We see that only a small part of the parameters are trainable. 2.6 billions parameters total, and only 2.9 Millions parameters trainable.

## Run the training sequence

We set the `sequence_length` for the `GemmaCausalLM` (from configuration, will be 512).
We compile the model, with the loss, optimizer and metric.
For the metric, it is used `SparseCategoricalAccuracy`. This metric calculates how often predictions match integer labels.

In [None]:
#set sequence length cf. config (896)
gemma_causal_lm.preprocessor.sequence_length = Config.sequence_length 

# Compile the model with loss, optimizer, and metric
gemma_causal_lm.compile(
    loss=keras.losses.SparseCategoricalCrossentropy(from_logits=True),
    optimizer=keras.optimizers.Adam(learning_rate=Config.learning_rate),
    weighted_metrics=[keras.metrics.SparseCategoricalAccuracy()],
)

# Train model
gemma_causal_lm.fit(data, epochs=Config.epochs, batch_size=Config.batch_size)

We obtained a rather good accuracy after the 15 steps of fine-tuning.

# Test the fine-tuned model

We instantiate an object of class GemmaQA. Because `gemma_causal_lm` was fine-tuned using LoRA, `gemma_qa` defined here will use the fine-tuned model.

In [None]:
gemma_qa = GemmaQA()

For start, we are testing the model with some of the data from the training set itself.

## Sample 1

In [None]:
gemma_qa = GemmaQA(max_length=96)
instruct = "Sherlock the renowned detective from Baker Street is known for his astute logical reasoning disguise ability and use of forensic science to solve perplexing crimes"
question = "What's Sherlock secret to solving crimes?"
gemma_qa.query(instruct, question)

## Not seen question(s)

In [None]:
gemma_qa = GemmaQA(max_length=128)
instruct = "Sherlock the renowned detective from Baker Street is known for his astute logical reasoning disguise ability and use of forensic science to solve perplexing crimes"
question = "How is able Sherlock to be so succesfull in solving crimes?"
gemma_qa.query(instruct, question)

In [None]:
instruct = df.description.values[1]
question = "How is Serena Williams play against Simona Halep?"

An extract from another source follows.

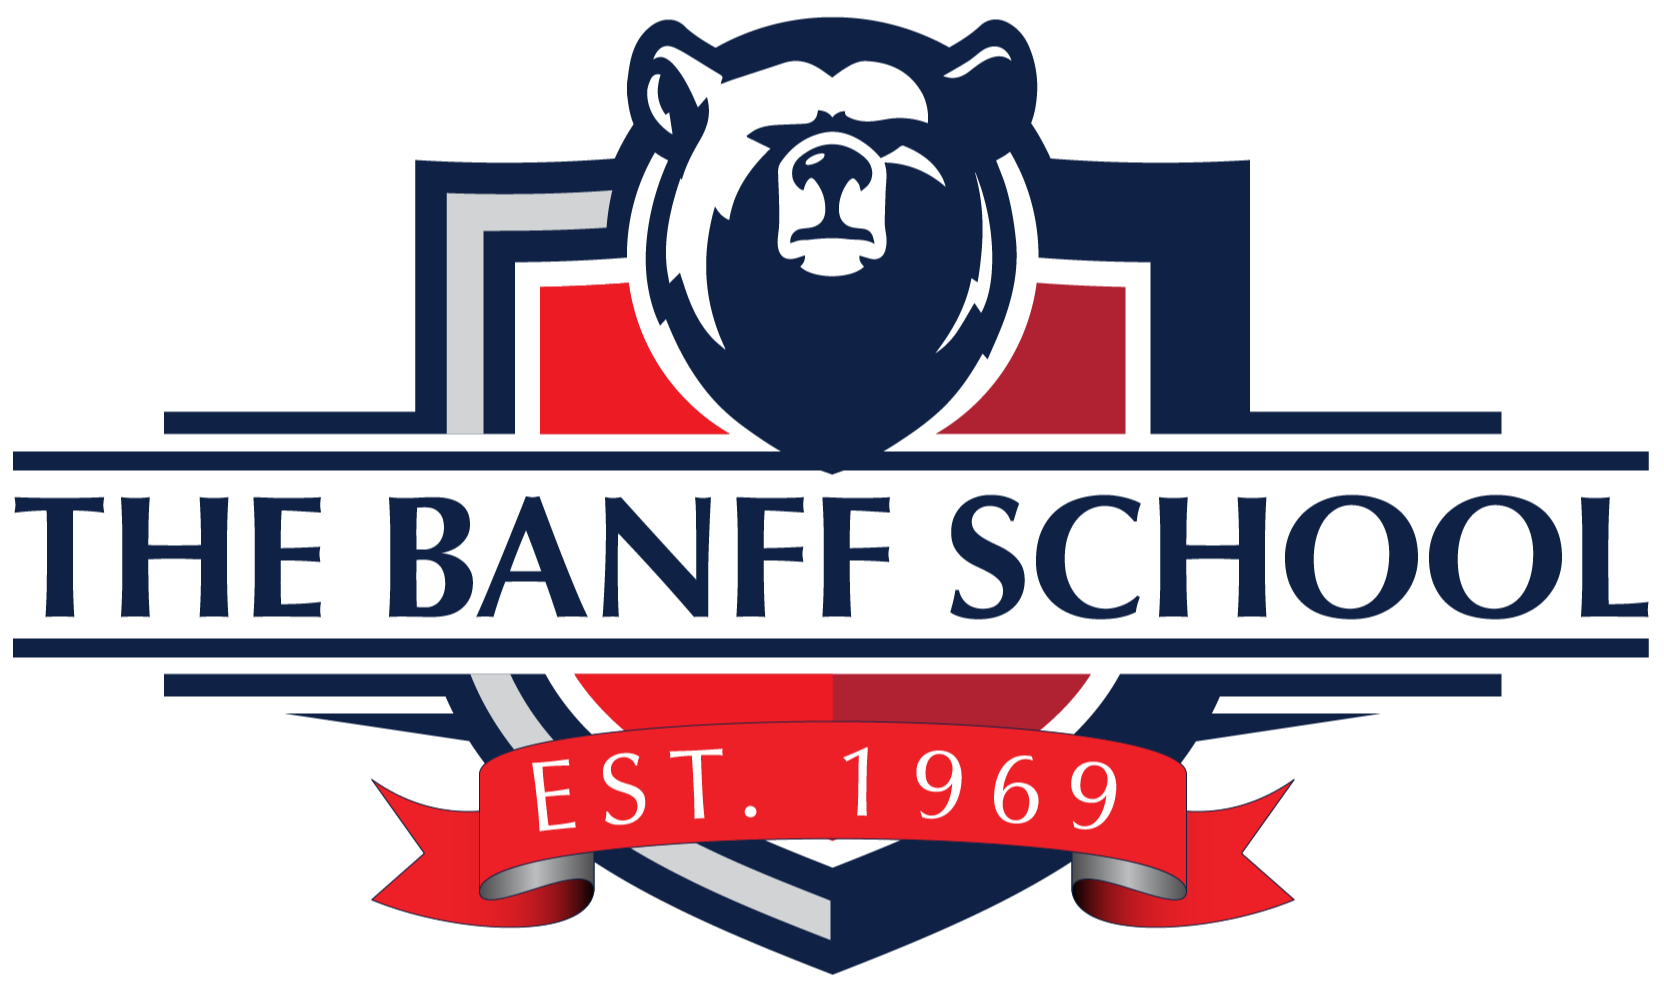 The Banff School logo

gemma_qa.query(instruct,question)

In [None]:
gemma_qa = GemmaQA(max_length=256)
instruct = df.description.values[2]
question = "How will Beethoven solve the equation system x + 1 = 2?"

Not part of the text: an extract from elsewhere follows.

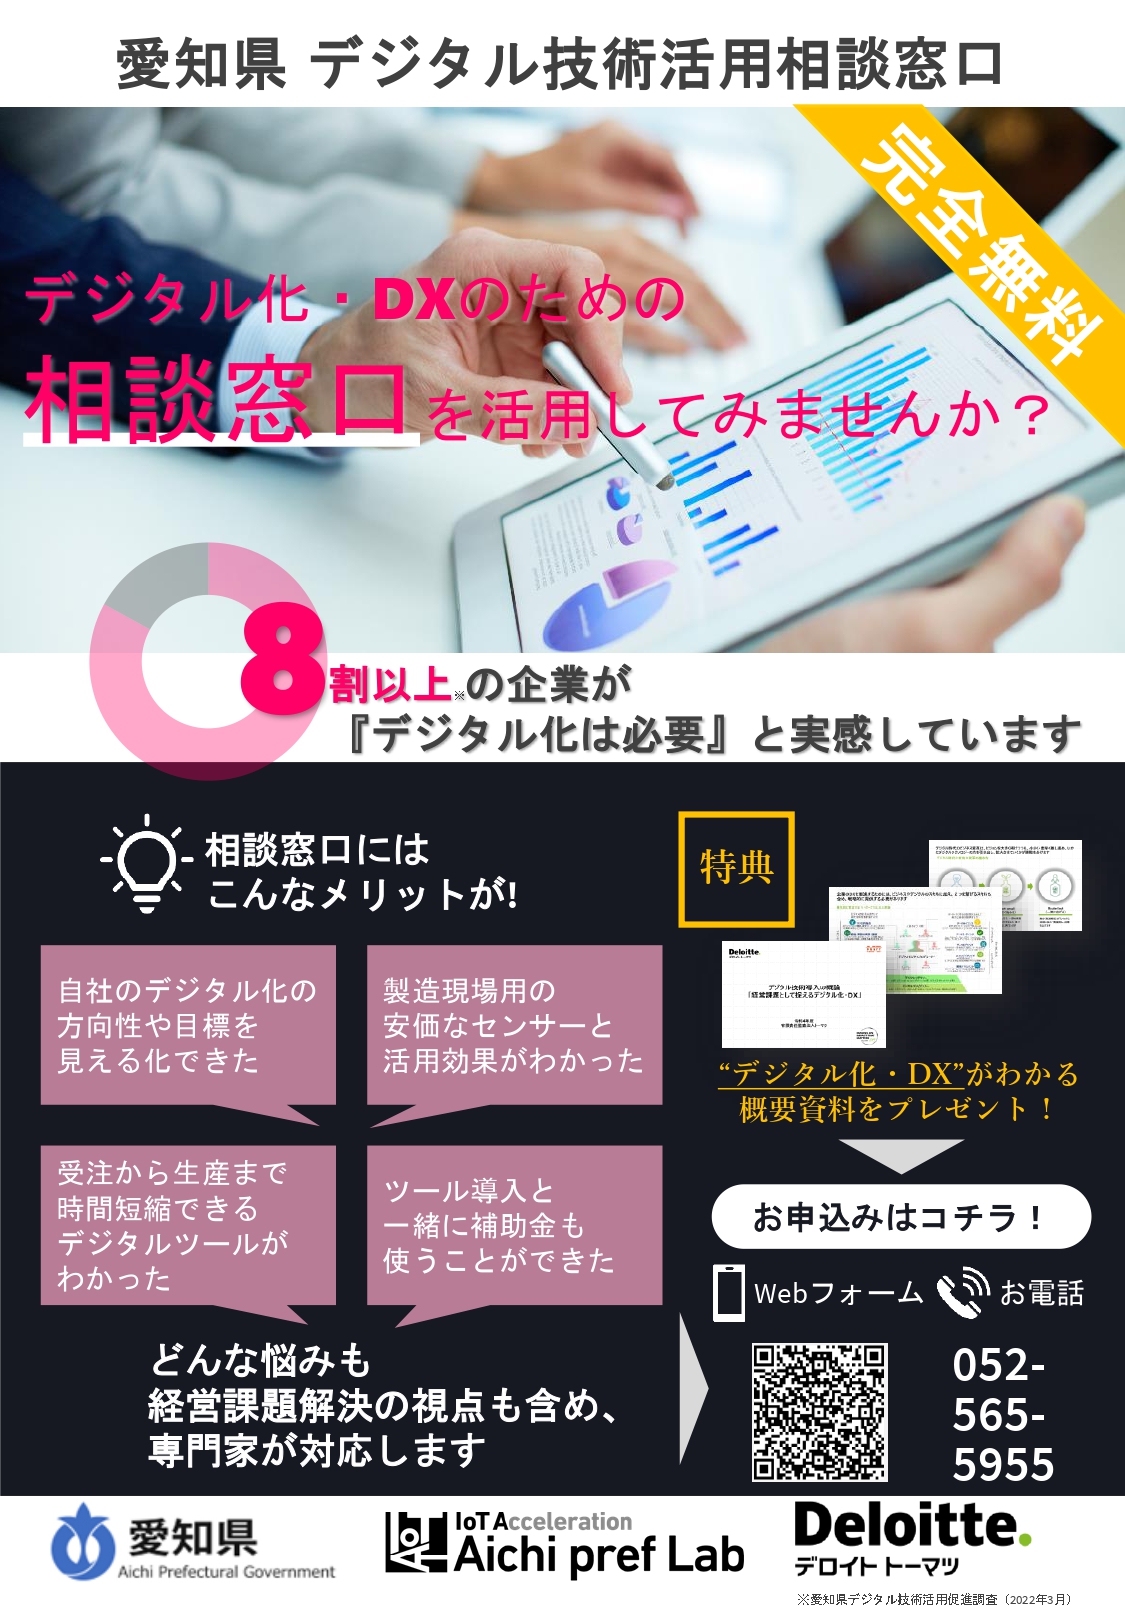 「愛知県デジタル技術活用相談窓口」を開設します

gemma_qa.query(instruct,question)

In [None]:
gemma_qa = GemmaQA(max_length=90)
instruct = df.description.values[10]
question = "How will Michael Jordan knitt a sweater?"

gemma_qa.query(instruct,question)

# Save the model

In [None]:
preset_dir = ".\gemma2_2b_en_roleplay"
gemma_causal_lm.save_to_preset(preset_dir)

# Publish Model on Kaggle as a Kaggle Model

We are publishing now the saved model as a Kaggle Model.

In [None]:
kaggle_username = os.environ["KAGGLE_USERNAME"]

kaggle_uri = f"kaggle://{kaggle_username}/gemma2_2b_en_roleplay/keras/gemma2_2b_en_roleplay"
keras_nlp.upload_preset(kaggle_uri, preset_dir)


# Conclusions



We demonstated how to fine-tune a **Gemma 2** model using LoRA.   
We also created a class to run queries to the **Gemma 2** model and tested it with some examples from the existing training data but also with some new, not seen questions.